I have also removed caching of old values from all the other sequence types except EnumerableSequence
. This sequence uses an IEnumerable<T>
internally, and IEnumerable
doesn’t support rewinding to arbitrary positions once enumeration has started. I suppose I could dispose the old enumerator, and then do .Skip(position)
to get back where we were, but for many types of enumerators that’s a O(n)

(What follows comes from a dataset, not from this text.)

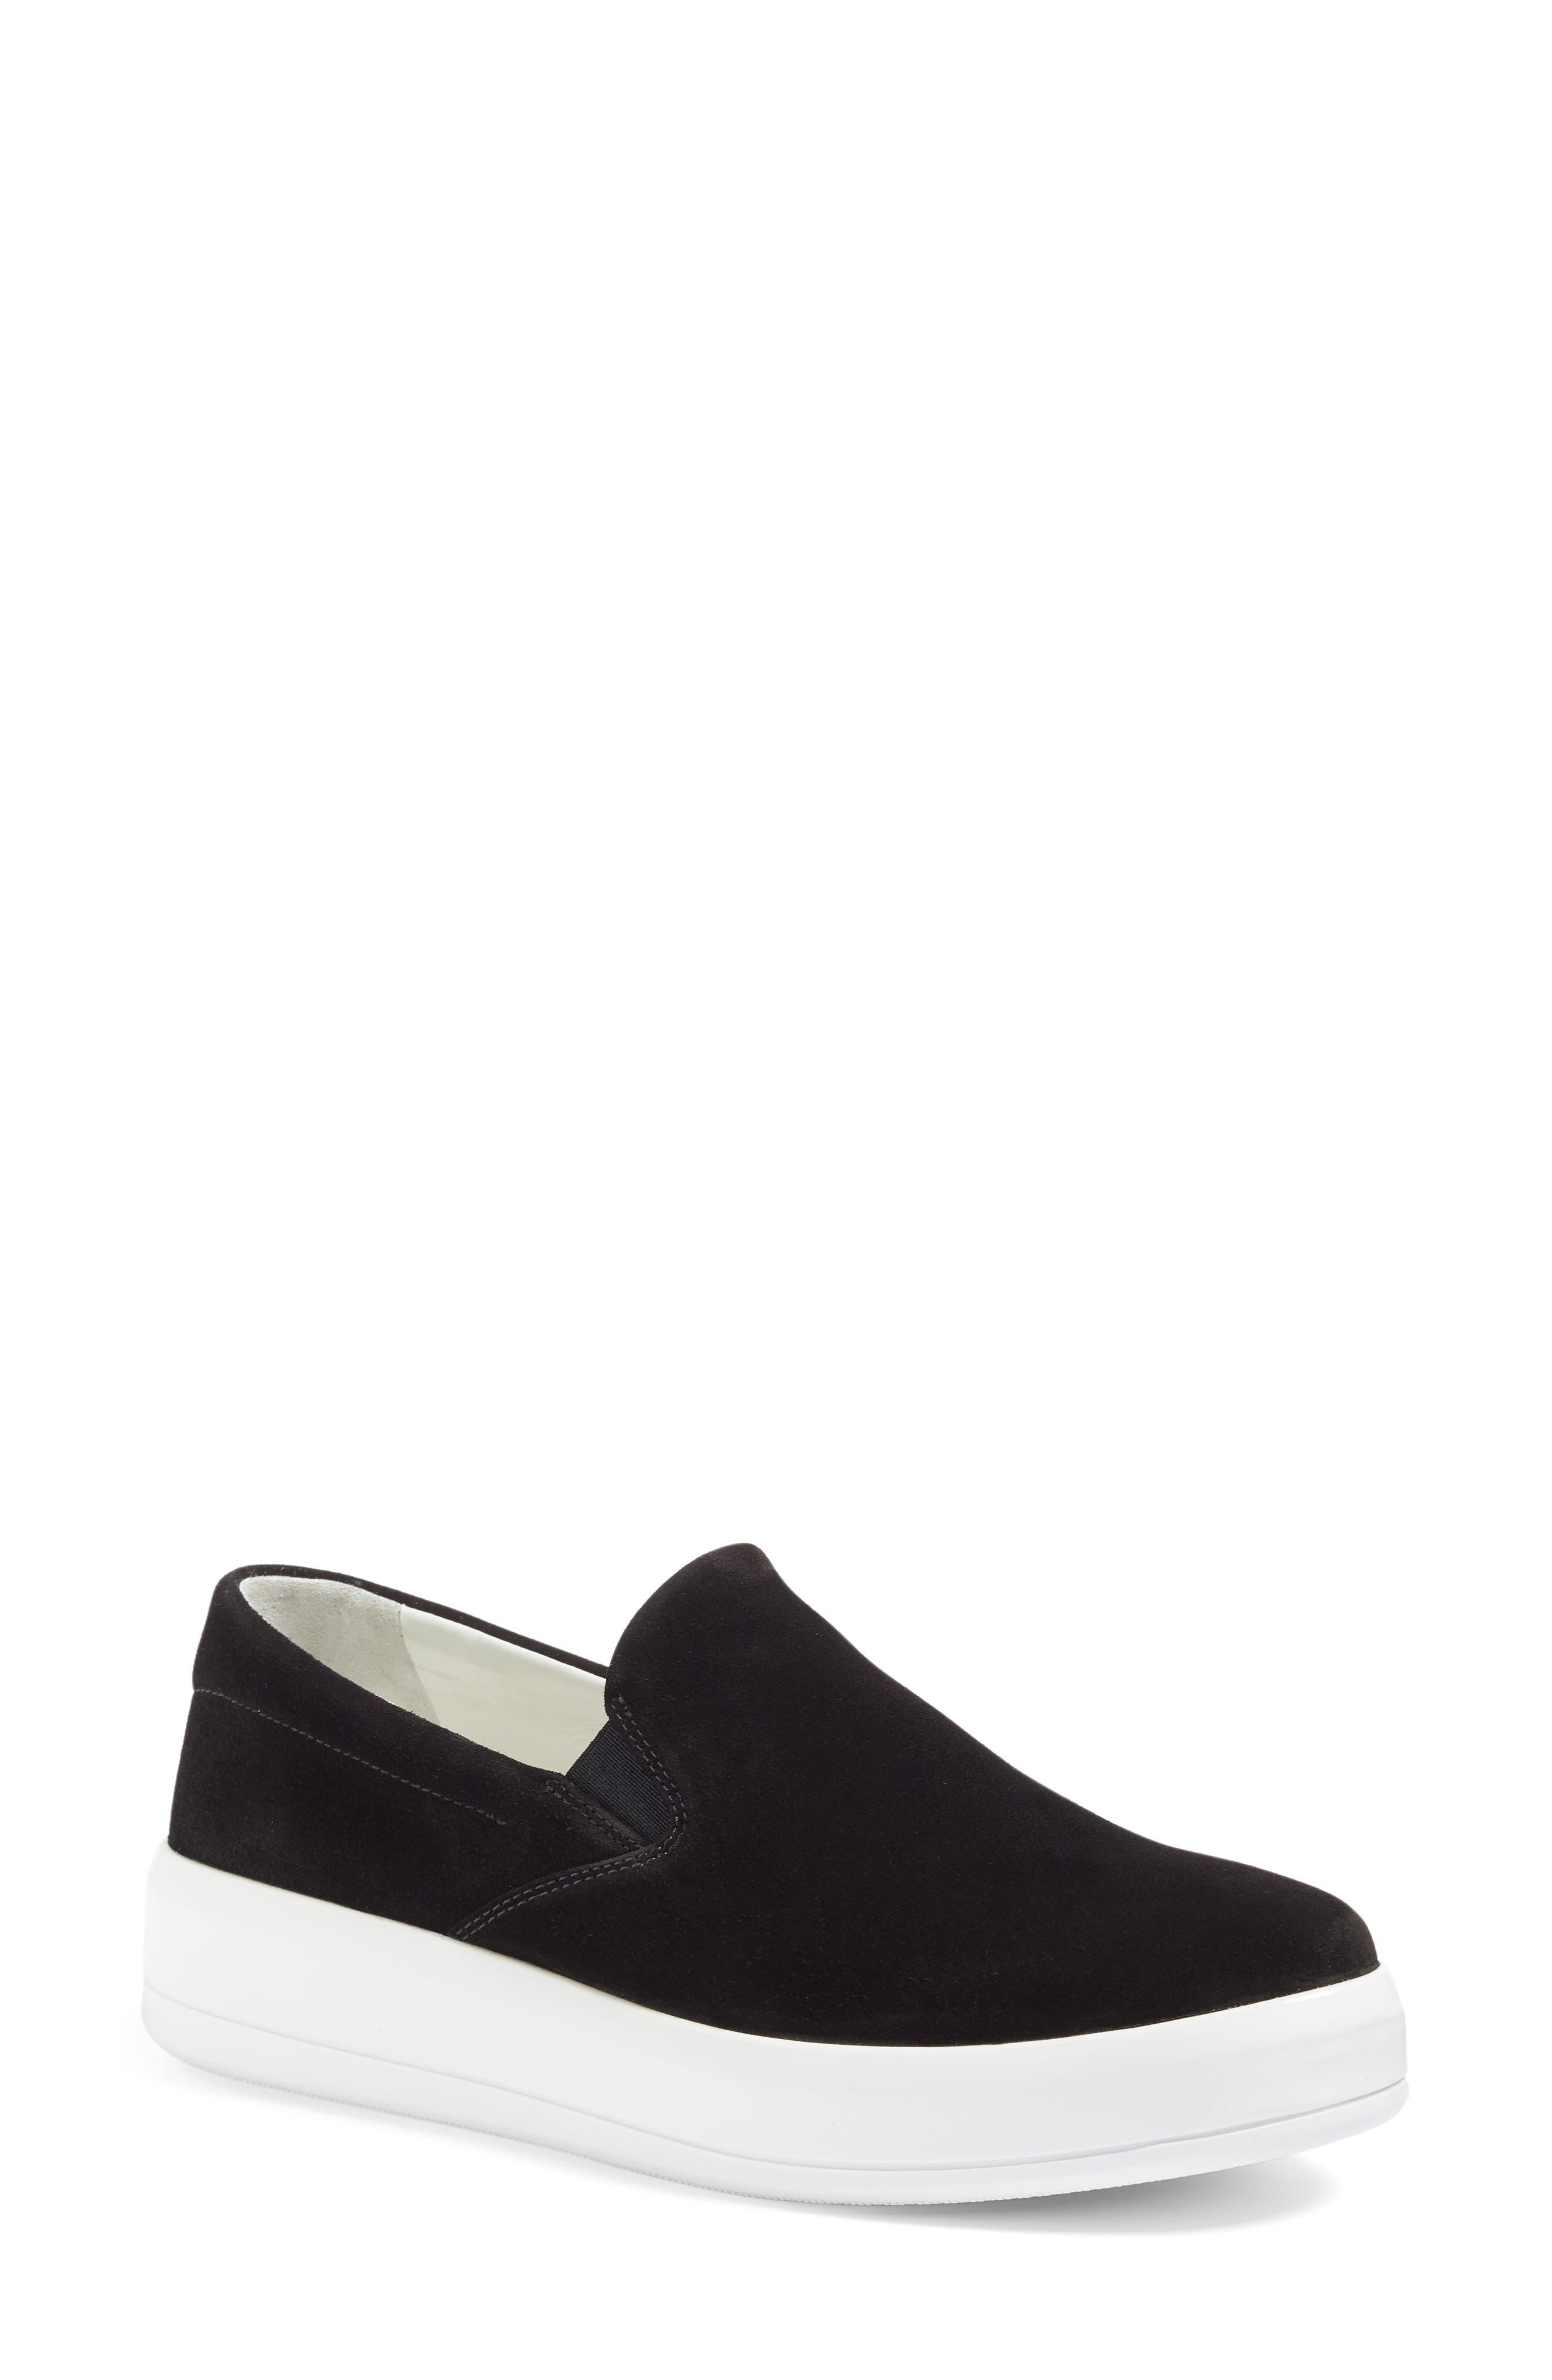 Prada Slip-On Sneaker (Women)

operation for every rewind! Right now EnumerableSequence
is going to buffer all values, which means a very long enumeration will lead to large memory use. In a future 4.0 release that type will either be changed to operate on an IList
/IReadOnlyList
or it may be dropped entirely.
The net result of my changes is that streaming input, especially from large files, should be significantly faster in most cases.
Other Optimizations
I have been optimizing the library throughout, to reduce object allocations and make various algorithmic improvements. This should be the fastest version of ParserObjects yet for most use cases.
Coding Changes
During the ParserObjects 3.1 release cycle .NET 6 came out and C# 10.0 with it. I’ve already added a .NET 6 build target to the library, and have started making use of some C# 10.0 features. One of these is the record struct
feature, which gives both brevity of declaration and the speed of a pass-by-value data type. I haven’t yet made some of the bigger changes like file-based namespaces, but those are coming in v4.0. Already in my testing I’ve seen significant speedup most of the time running the .NET 6 build instead of the .NET 5 build or the .NET Framework 4.8 build. If you have the chance, try to use ParserObjects from inside a .NET 6 project so you get the fastest possible build.
What’s Next?
2022 is looming and I’m starting to think of goals that I want to accomplish in the new year. ParserObjects is (currently) a big part of what I’m planning, though exactly what the short-term development plans are is still unclear. There are some features I want to add, and I also want to start making some breaking changes and cleanups throughout the library to account for lessons I’ve learned since v3.0 came out last year. I’ll post more as my plans start to come into clearer focus.